What is expected »
From the records that follow, copy every line in which "Nike" appears.

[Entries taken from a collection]

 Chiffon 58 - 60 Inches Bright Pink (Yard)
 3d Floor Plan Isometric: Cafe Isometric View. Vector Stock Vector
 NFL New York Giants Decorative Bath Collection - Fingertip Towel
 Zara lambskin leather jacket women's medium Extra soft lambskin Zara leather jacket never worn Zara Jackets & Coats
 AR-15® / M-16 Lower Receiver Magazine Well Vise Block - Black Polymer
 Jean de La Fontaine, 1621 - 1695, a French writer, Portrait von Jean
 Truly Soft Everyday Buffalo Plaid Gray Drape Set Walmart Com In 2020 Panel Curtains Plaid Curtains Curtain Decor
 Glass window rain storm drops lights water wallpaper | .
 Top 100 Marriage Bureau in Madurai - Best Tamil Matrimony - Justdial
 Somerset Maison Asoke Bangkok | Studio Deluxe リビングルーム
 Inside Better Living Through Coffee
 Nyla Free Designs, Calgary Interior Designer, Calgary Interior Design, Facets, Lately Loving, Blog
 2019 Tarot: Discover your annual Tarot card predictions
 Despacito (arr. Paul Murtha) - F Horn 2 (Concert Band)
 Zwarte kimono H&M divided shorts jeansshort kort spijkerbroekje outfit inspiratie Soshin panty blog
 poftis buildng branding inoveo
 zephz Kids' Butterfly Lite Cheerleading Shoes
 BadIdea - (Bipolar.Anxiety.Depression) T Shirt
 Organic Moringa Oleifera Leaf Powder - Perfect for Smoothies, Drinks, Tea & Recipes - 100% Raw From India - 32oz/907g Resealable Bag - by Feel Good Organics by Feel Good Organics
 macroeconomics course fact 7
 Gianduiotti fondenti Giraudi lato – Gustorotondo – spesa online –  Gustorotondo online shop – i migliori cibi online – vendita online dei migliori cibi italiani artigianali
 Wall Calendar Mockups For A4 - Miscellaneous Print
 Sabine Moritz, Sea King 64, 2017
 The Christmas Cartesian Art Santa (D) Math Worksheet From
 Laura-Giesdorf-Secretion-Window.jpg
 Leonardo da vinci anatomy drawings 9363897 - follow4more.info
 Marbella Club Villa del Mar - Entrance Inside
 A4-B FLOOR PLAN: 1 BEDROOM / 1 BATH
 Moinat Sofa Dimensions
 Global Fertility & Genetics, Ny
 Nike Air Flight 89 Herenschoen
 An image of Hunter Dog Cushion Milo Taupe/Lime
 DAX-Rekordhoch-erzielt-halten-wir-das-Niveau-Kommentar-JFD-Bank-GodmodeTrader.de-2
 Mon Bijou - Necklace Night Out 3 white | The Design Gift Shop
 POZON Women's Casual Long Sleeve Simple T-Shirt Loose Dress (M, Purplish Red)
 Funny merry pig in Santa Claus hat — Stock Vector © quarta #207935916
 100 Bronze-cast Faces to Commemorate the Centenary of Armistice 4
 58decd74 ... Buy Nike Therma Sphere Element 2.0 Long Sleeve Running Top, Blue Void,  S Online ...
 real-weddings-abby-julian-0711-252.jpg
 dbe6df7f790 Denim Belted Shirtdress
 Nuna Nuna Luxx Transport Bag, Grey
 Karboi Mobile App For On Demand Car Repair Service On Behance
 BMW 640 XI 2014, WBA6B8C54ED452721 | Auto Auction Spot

Response to the exercise »
 Nike Air Flight 89 Herenschoen
 58decd74 ... Buy Nike Therma Sphere Element 2.0 Long Sleeve Running Top, Blue Void,  S Online ...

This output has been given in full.